One for the Road is a 2021 Thai-language drama film directed by Nattawut Poonpiriya and produced by Wong Kar-wai. It is a Chinese/Hong Kong/Thai co-production, and is written by Puangsoi Aksornsawang, Nottapon Boonprakob and Nattawut Poonpiriya. The film stars  Thanapob Leeratanakajorn, Nattarat Nopparatayapon, Ploy Horwang, Siraphun Wattanajinda, Violette Wautier and Chutimon Chuengcharoensukying. 
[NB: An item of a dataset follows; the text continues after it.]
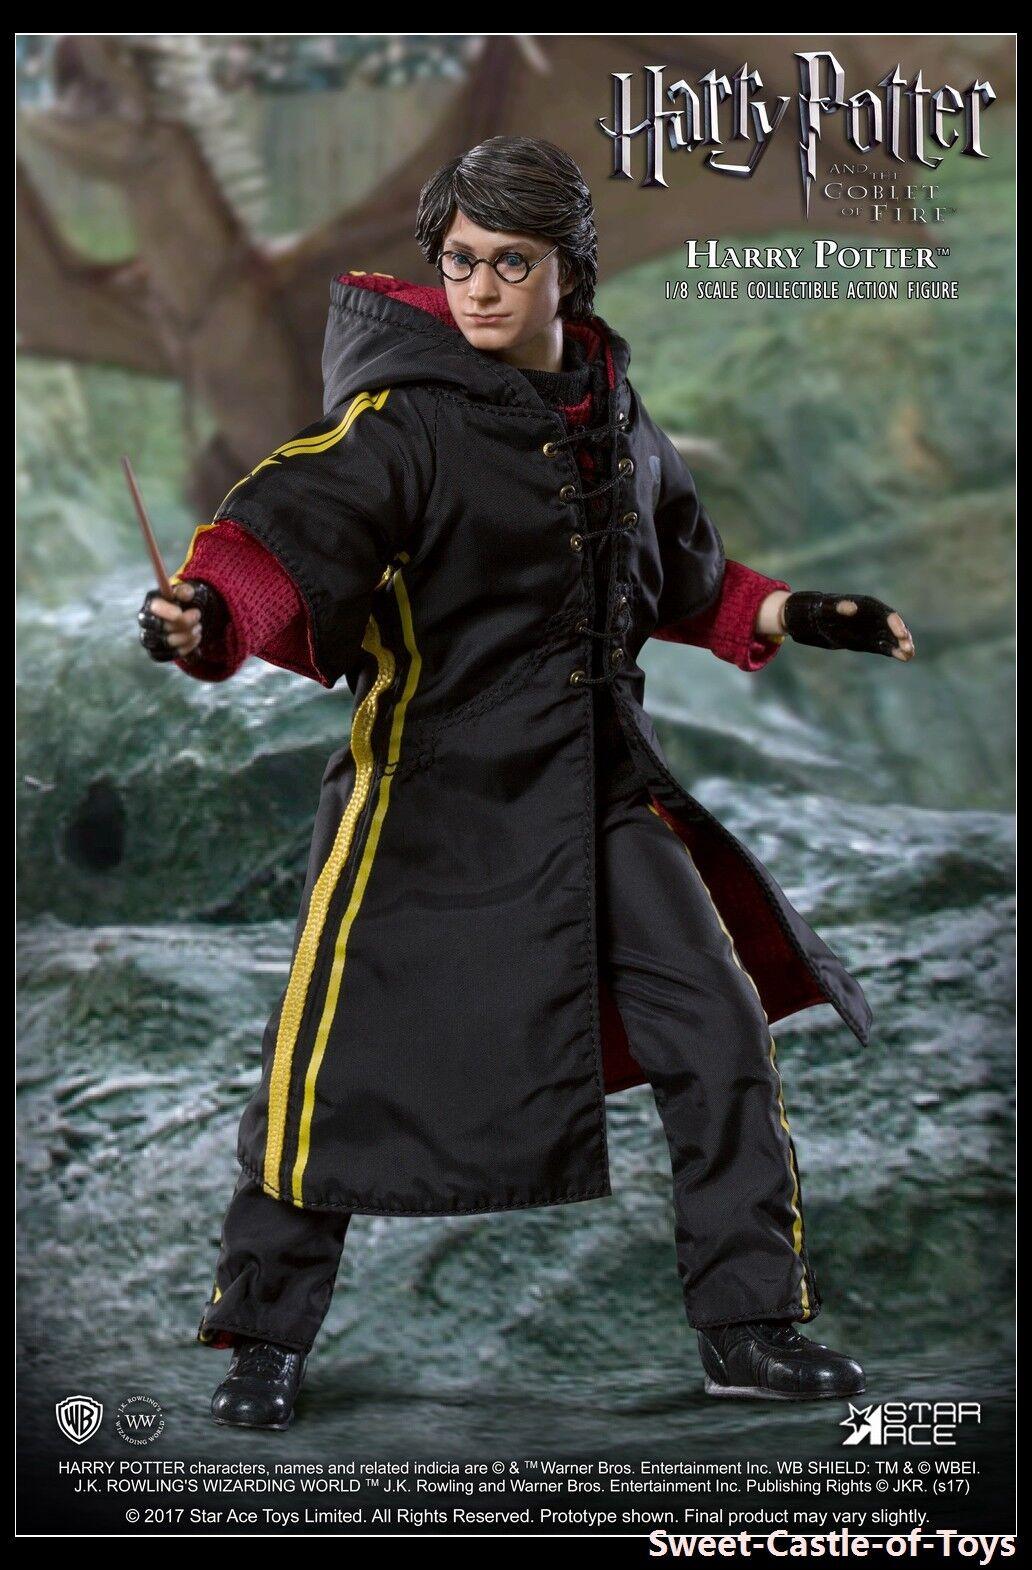 1 8 estrella Ace giocattoli Harry Potter  the Goblet of Fire Tri-Wizard Tournament SA8001A  vendite online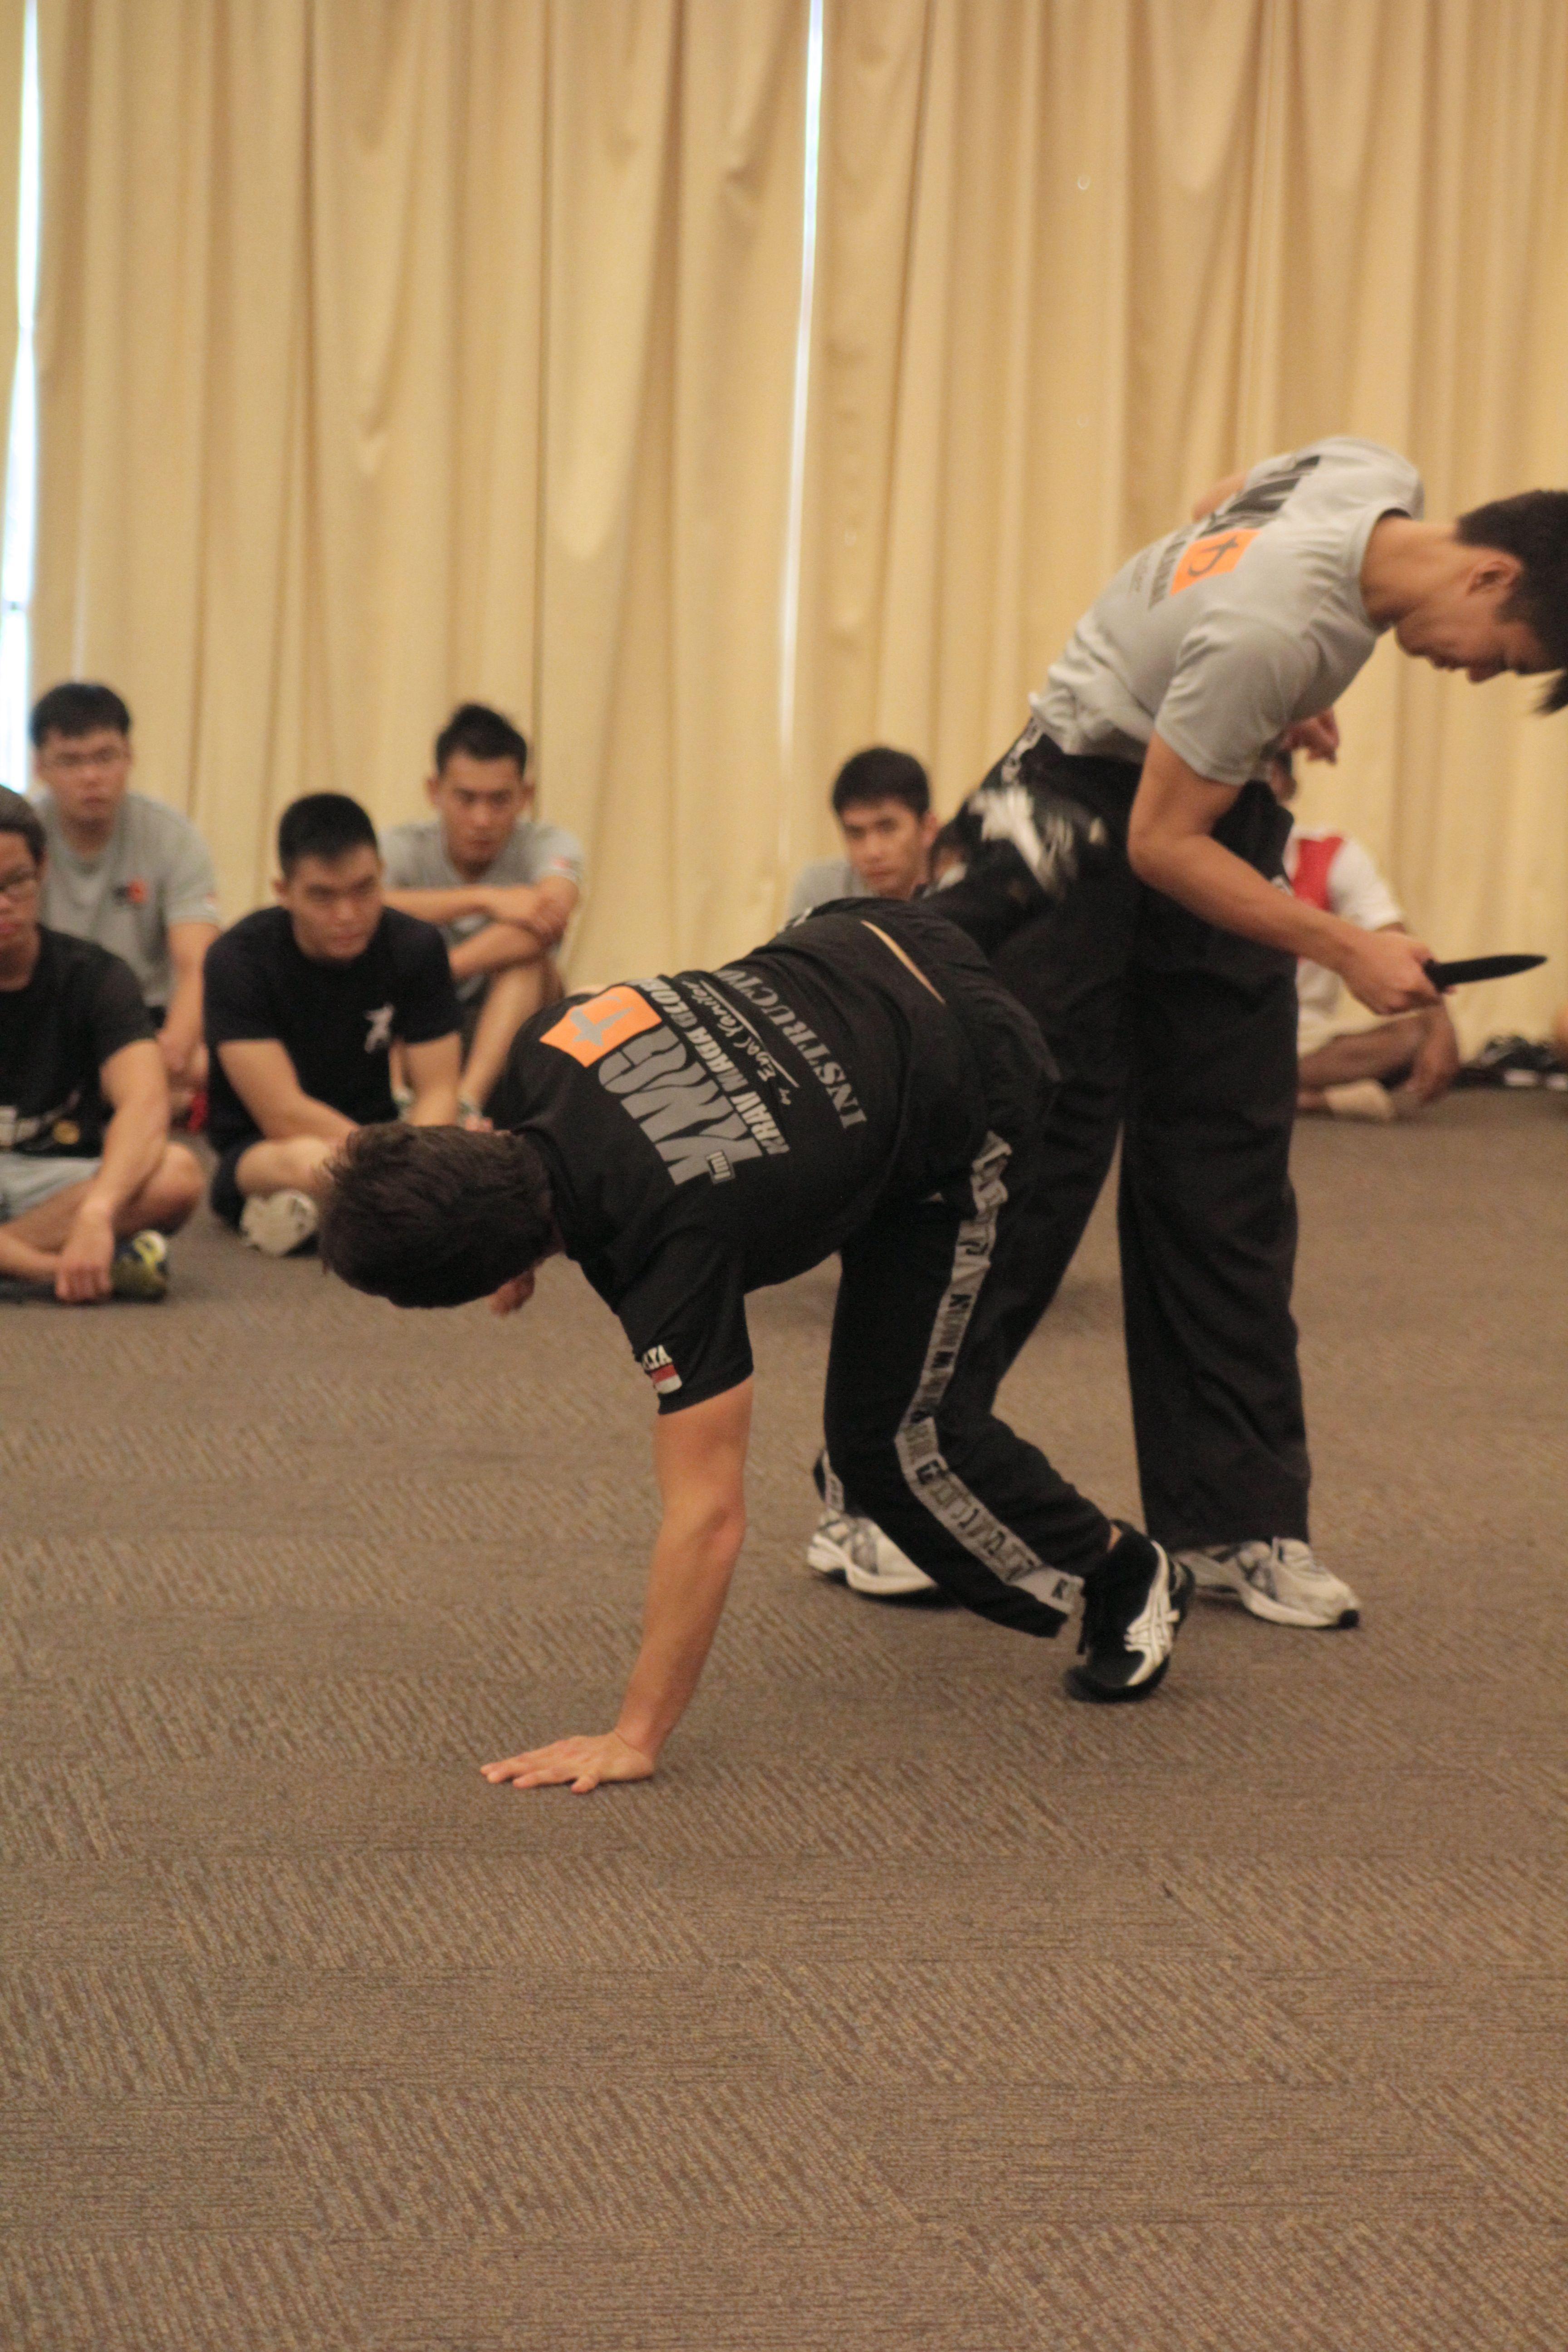 KMG World Tour Singapore 2014 with Ilya Dunsky

The film had its world premiere at the 2021 Sundance Film Festival on January 28, 2021 and won the Special Jury Award for Creative Vision in the World Cinema Dramatic Competition. The film was selected as the Thai entry for Best International Feature Film at the 95th Academy Awards.

Cast
The cast include:
 Thanapob Leeratanakajorn as Boss
 Nattarat Nopparatayapon as Aood
 Violette Wautier as Prim
 Chutimon Chuengcharoensukying as Noona
 Ploi Horwang as Alice
 Noon Siraphun as Roong

Release
The film had its world premiere at the 2021 Sundance Film Festival on January 28, 2021.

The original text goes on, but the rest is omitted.